» **ABOUT THIS TASK**
Check every line of the data below for the word "made". Copy the ones that have it.
(Beginning of GIVEN RECORDS)
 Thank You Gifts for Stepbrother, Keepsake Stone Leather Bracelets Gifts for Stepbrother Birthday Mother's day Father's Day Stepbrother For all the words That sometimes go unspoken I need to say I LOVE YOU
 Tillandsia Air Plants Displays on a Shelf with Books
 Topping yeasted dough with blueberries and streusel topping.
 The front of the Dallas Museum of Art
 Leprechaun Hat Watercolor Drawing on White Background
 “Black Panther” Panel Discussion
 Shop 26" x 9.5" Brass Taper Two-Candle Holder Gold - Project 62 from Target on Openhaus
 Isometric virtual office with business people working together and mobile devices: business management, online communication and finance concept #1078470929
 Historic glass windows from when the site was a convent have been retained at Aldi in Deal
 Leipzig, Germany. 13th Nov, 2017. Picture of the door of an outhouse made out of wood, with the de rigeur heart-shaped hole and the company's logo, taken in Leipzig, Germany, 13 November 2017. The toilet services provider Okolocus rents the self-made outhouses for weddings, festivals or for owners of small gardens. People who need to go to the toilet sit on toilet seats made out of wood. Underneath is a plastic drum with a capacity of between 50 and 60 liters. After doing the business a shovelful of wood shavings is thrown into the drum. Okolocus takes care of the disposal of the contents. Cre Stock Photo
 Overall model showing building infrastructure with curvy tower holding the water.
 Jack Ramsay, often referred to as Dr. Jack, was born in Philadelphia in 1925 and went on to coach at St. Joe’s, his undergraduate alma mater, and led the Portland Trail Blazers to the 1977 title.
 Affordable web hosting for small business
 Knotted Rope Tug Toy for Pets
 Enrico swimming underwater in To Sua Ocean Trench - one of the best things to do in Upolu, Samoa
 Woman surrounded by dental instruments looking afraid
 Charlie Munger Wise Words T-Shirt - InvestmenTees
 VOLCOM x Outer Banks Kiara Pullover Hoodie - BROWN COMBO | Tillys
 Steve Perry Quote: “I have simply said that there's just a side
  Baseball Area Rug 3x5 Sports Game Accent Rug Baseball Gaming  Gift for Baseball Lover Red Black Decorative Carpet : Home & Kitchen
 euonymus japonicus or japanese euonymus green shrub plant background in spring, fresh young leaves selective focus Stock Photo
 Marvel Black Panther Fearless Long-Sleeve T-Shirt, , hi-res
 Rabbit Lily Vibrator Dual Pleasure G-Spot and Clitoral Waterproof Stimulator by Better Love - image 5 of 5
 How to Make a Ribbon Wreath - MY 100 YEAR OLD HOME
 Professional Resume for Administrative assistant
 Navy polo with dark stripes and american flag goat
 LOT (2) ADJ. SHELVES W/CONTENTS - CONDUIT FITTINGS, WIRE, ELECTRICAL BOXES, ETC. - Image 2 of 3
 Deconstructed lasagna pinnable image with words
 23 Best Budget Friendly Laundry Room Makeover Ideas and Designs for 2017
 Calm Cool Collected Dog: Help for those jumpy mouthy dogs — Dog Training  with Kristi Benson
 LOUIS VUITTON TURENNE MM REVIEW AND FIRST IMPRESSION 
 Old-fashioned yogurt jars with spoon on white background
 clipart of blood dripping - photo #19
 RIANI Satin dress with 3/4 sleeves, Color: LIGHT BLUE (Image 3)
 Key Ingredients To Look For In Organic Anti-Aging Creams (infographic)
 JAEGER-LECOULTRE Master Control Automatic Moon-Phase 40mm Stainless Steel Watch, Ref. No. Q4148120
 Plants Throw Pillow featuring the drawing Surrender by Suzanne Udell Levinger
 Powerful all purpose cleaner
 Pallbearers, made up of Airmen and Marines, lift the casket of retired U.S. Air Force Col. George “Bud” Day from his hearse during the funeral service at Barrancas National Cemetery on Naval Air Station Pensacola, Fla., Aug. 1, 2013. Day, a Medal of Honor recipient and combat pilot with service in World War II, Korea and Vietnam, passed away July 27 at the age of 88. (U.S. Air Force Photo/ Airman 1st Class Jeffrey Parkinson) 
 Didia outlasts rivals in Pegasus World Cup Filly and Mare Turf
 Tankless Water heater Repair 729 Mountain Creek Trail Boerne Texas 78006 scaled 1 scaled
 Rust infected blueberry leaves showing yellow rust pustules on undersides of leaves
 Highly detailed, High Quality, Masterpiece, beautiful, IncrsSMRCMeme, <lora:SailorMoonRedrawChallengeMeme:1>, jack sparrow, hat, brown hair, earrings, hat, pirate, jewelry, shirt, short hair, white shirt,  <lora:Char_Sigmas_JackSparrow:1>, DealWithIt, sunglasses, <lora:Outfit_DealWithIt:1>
(End of GIVEN RECORDS)
» **ANSWER FOR THE TASK**
 Leipzig, Germany. 13th Nov, 2017. Picture of the door of an outhouse made out of wood, with the de rigeur heart-shaped hole and the company's logo, taken in Leipzig, Germany, 13 November 2017. The toilet services provider Okolocus rents the self-made outhouses for weddings, festivals or for owners of small gardens. People who need to go to the toilet sit on toilet seats made out of wood. Underneath is a plastic drum with a capacity of between 50 and 60 liters. After doing the business a shovelful of wood shavings is thrown into the drum. Okolocus takes care of the disposal of the contents. Cre Stock Photo
 Pallbearers, made up of Airmen and Marines, lift the casket of retired U.S. Air Force Col. George “Bud” Day from his hearse during the funeral service at Barrancas National Cemetery on Naval Air Station Pensacola, Fla., Aug. 1, 2013. Day, a Medal of Honor recipient and combat pilot with service in World War II, Korea and Vietnam, passed away July 27 at the age of 88. (U.S. Air Force Photo/ Airman 1st Class Jeffrey Parkinson) 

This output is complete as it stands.